───── RECORD SET ─────

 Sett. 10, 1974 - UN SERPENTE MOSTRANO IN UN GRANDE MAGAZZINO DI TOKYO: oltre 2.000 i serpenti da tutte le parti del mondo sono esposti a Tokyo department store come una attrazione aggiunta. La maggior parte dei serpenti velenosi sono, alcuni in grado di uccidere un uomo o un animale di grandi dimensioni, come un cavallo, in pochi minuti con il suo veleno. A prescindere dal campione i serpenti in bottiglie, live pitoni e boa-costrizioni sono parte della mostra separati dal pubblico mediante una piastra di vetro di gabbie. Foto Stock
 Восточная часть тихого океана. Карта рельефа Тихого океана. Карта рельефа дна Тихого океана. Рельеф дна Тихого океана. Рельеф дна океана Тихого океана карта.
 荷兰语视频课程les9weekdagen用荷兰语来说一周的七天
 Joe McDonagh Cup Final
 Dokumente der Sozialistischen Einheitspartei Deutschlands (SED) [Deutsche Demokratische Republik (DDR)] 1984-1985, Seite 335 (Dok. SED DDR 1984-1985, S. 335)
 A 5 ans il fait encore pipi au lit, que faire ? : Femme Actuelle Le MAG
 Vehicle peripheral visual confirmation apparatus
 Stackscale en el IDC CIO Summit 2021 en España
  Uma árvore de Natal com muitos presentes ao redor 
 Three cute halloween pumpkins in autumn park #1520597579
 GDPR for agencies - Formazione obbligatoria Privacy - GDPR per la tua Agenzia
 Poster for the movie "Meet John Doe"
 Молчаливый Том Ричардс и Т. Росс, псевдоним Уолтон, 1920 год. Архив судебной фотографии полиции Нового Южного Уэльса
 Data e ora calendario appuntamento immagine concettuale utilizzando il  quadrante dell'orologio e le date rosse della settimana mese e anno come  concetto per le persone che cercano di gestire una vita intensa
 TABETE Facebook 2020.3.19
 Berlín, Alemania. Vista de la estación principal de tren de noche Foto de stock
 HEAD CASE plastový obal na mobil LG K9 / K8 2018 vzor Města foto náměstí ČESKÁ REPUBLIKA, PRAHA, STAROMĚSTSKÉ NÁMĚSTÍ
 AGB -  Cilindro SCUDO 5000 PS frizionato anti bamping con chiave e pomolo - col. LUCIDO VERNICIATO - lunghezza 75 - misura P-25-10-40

─────

- **TASK**: Where the data above reaches the line holding "Poster for the", begin printing, and stop after the line holding "HEAD CASE plastový". Each line must be reproduced exactly, with nothing else added.

- **REPLY**:
 Poster for the movie "Meet John Doe"
 Молчаливый Том Ричардс и Т. Росс, псевдоним Уолтон, 1920 год. Архив судебной фотографии полиции Нового Южного Уэльса
 Data e ora calendario appuntamento immagine concettuale utilizzando il  quadrante dell'orologio e le date rosse della settimana mese e anno come  concetto per le persone che cercano di gestire una vita intensa
 TABETE Facebook 2020.3.19
 Berlín, Alemania. Vista de la estación principal de tren de noche Foto de stock
 HEAD CASE plastový obal na mobil LG K9 / K8 2018 vzor Města foto náměstí ČESKÁ REPUBLIKA, PRAHA, STAROMĚSTSKÉ NÁMĚSTÍ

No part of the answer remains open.